Post-rebuttal Meta-Reviews

Meta-review # 1 (Primary)

  • Please provide your assessment of the paper taking all information into account, including rebuttal. Highlight the key strengths and weaknesses of the paper, clarify how you reconciled contrasting review comments and scores, indicate if concerns were successfully addressed in the rebuttal, and provide a clear justification of your decision. If you disagree with some of the (meta)reviewer statements, you can indicate so in your meta-review. Please make sure that the authors, program chairs, and the public can understand the reason for your decision.

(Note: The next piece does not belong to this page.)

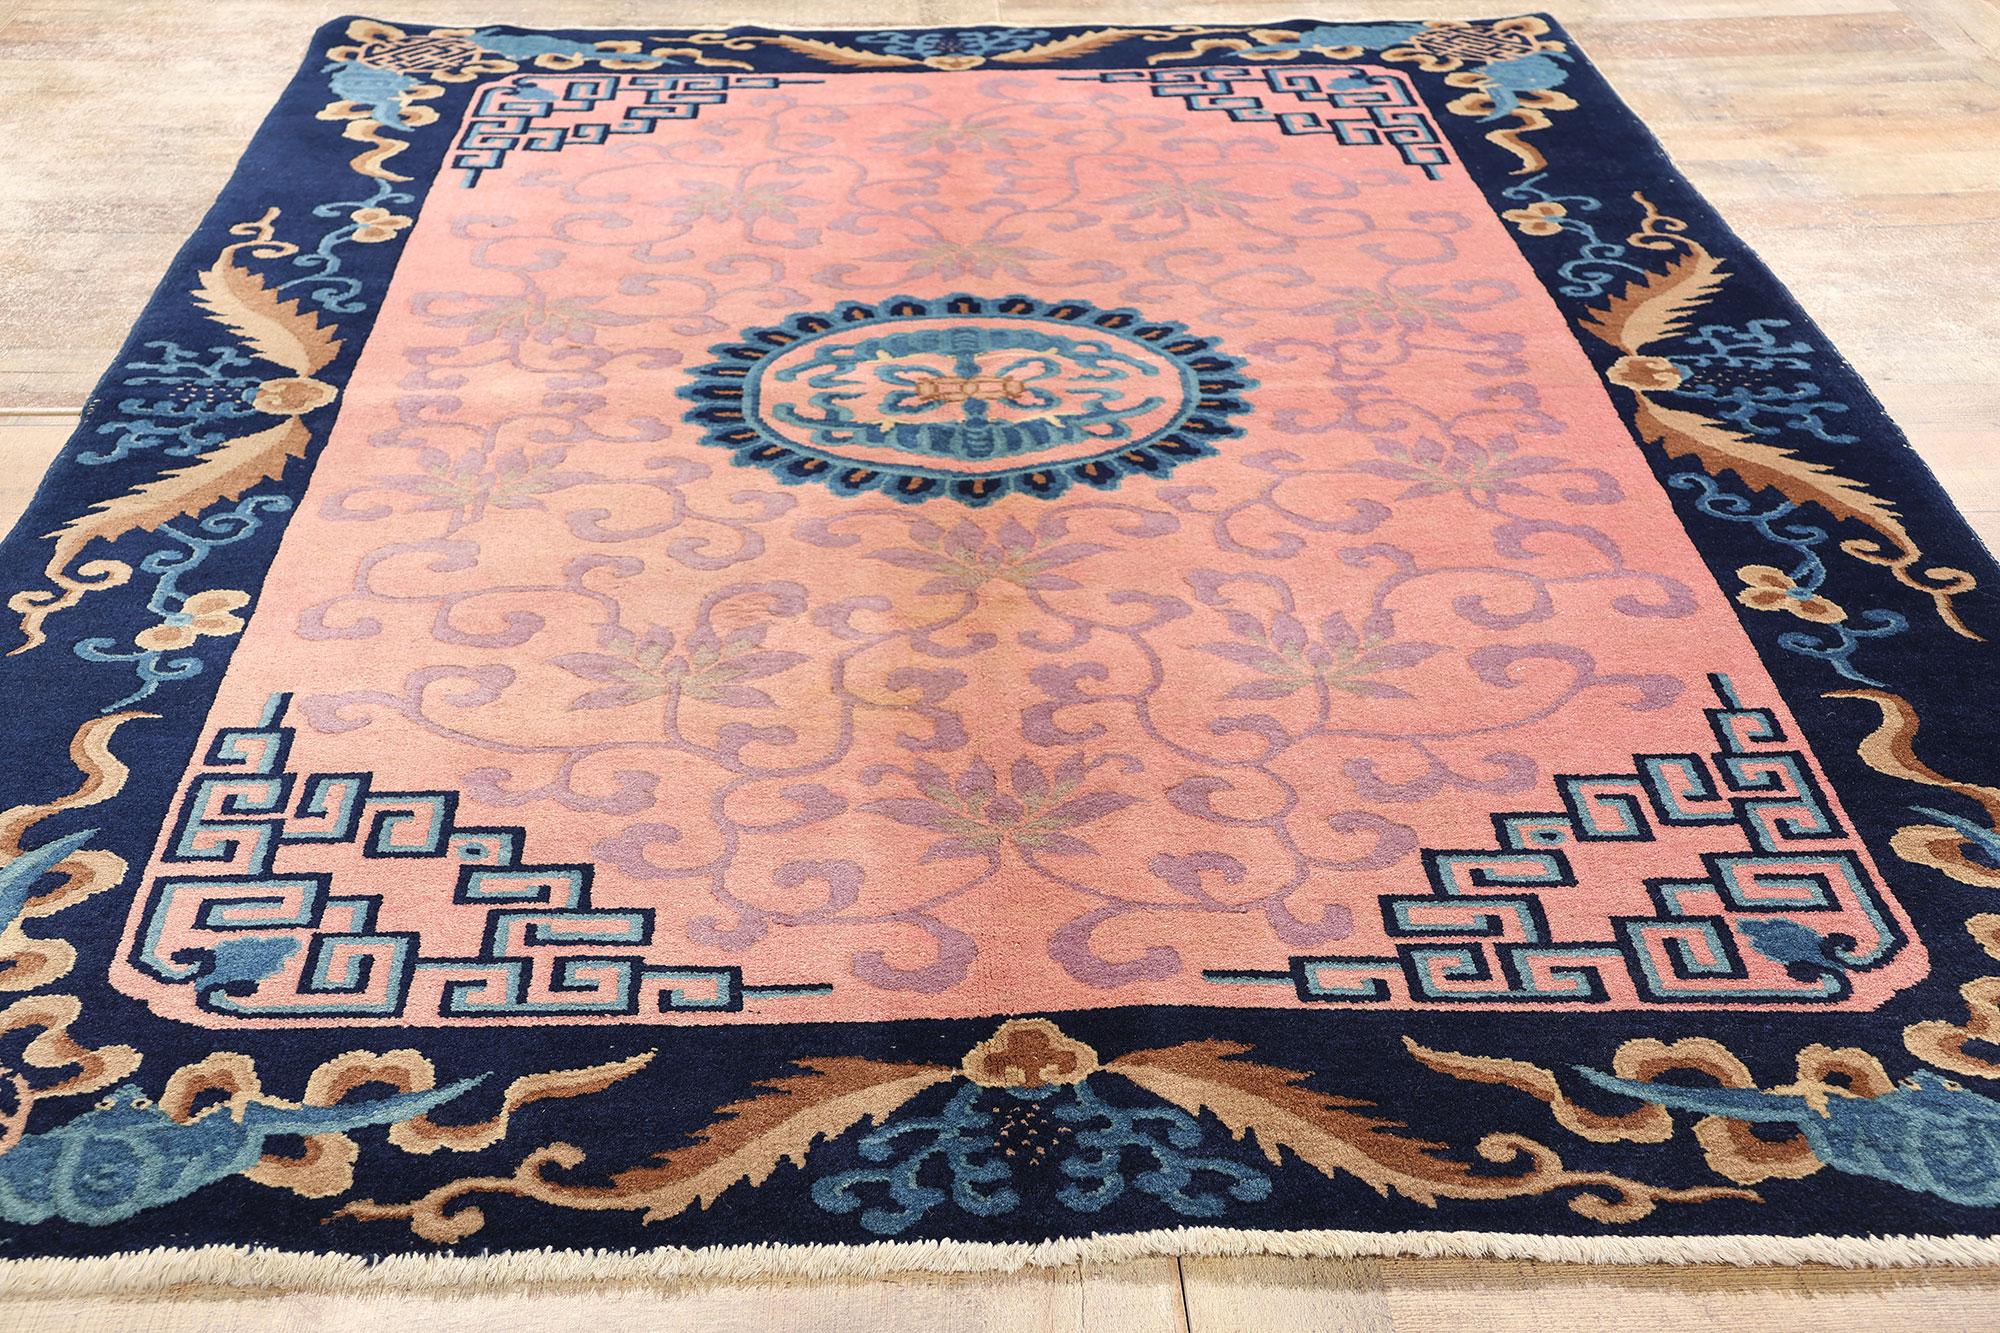 Antique Pink Chinese Art Deco Rug with Jazz Age Splendor For Sale 2
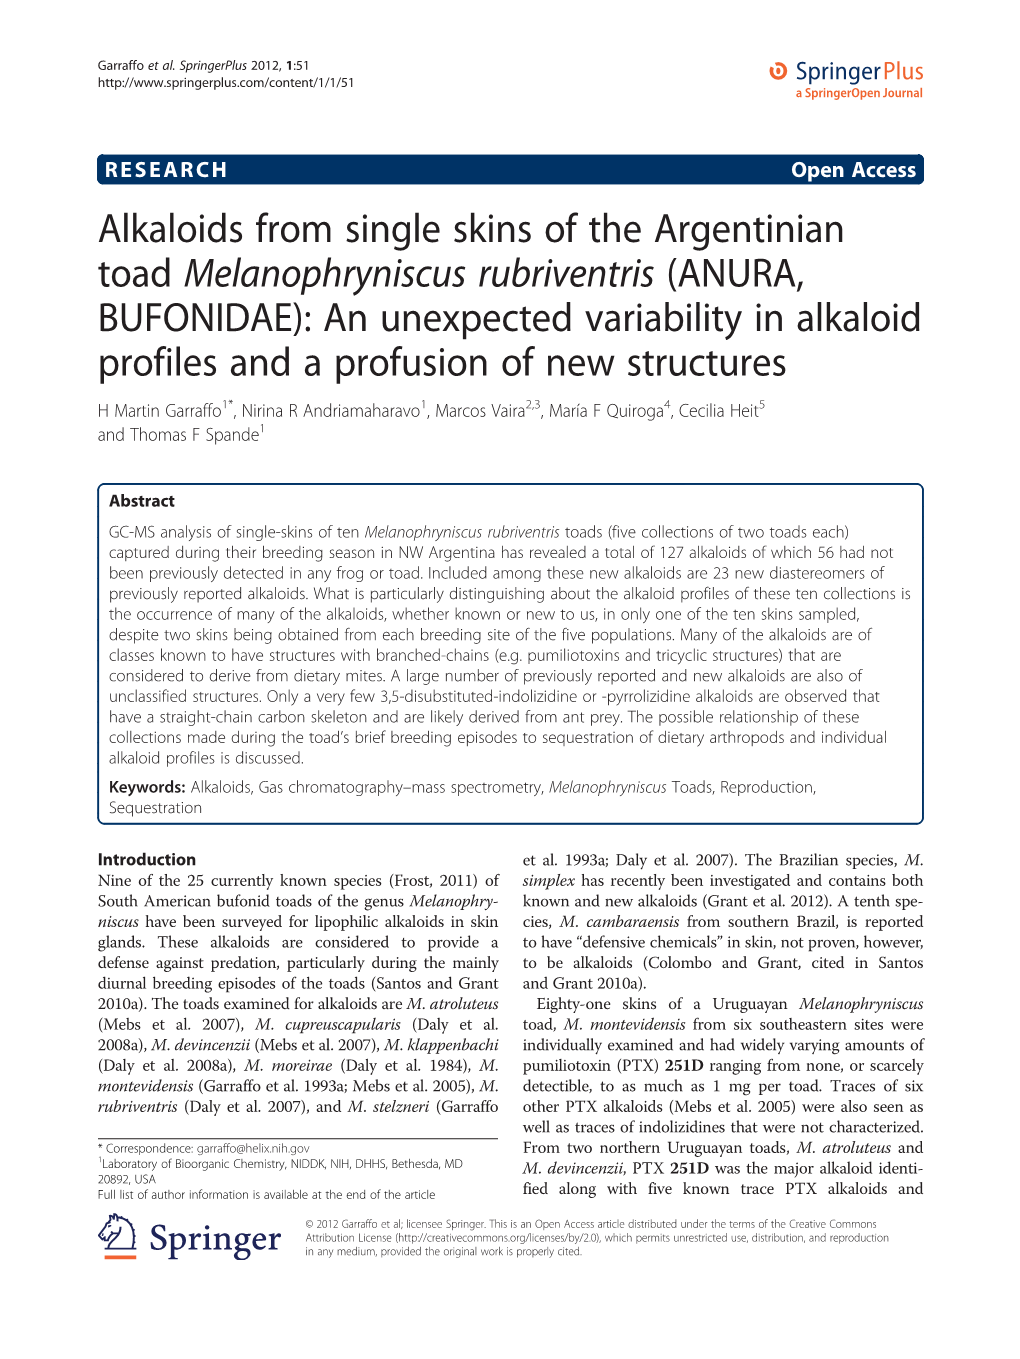 Alkaloids from Single Skins of the Argentinian Toad Melanophryniscus Rubriventris (ANURA, BUFONIDAE): an Unexpected Variability

    The paper proposes a diffusion-based model for stain style transfer in histopathology images by adding a cycle consistency loss to the regular DDPM. Authors provide sufficient comparison to existing stain style transfer methods including classical non-deep learning based ones and GAN-based ones and demonstrated that diffusion model is superior to those in terms of similarity measures of generated images and a down-stream classification task. Yet as R3 pointed out, the proposed method is evaluated in a dual-domain style transfer (and authors explain in the rebuttal that it can be bidrectional). It is not straightforward how it generalized into a multi-domain setting, which is more practical in real clinical settings. For the other major concern regarding speed and stability of training, authors provide sufficient answers in the rebuttal in my opinion (currently slow, but possible to speed up to similar speed as GAN method). In general, I feel the paper can be accepted given it is one of the first attempts that applies diffusion model into histopathology and methodology/experiments are also solid.



Meta-review #2

  • Please provide your assessment of the paper taking all information into account, including rebuttal. Highlight the key strengths and weaknesses of the paper, clarify how you reconciled contrasting review comments and scores, indicate if concerns were successfully addressed in the rebuttal, and provide a clear justification of your decision. If you disagree with some of the (meta)reviewer statements, you can indicate so in your meta-review. Please make sure that the authors, program chairs, and the public can understand the reason for your decision.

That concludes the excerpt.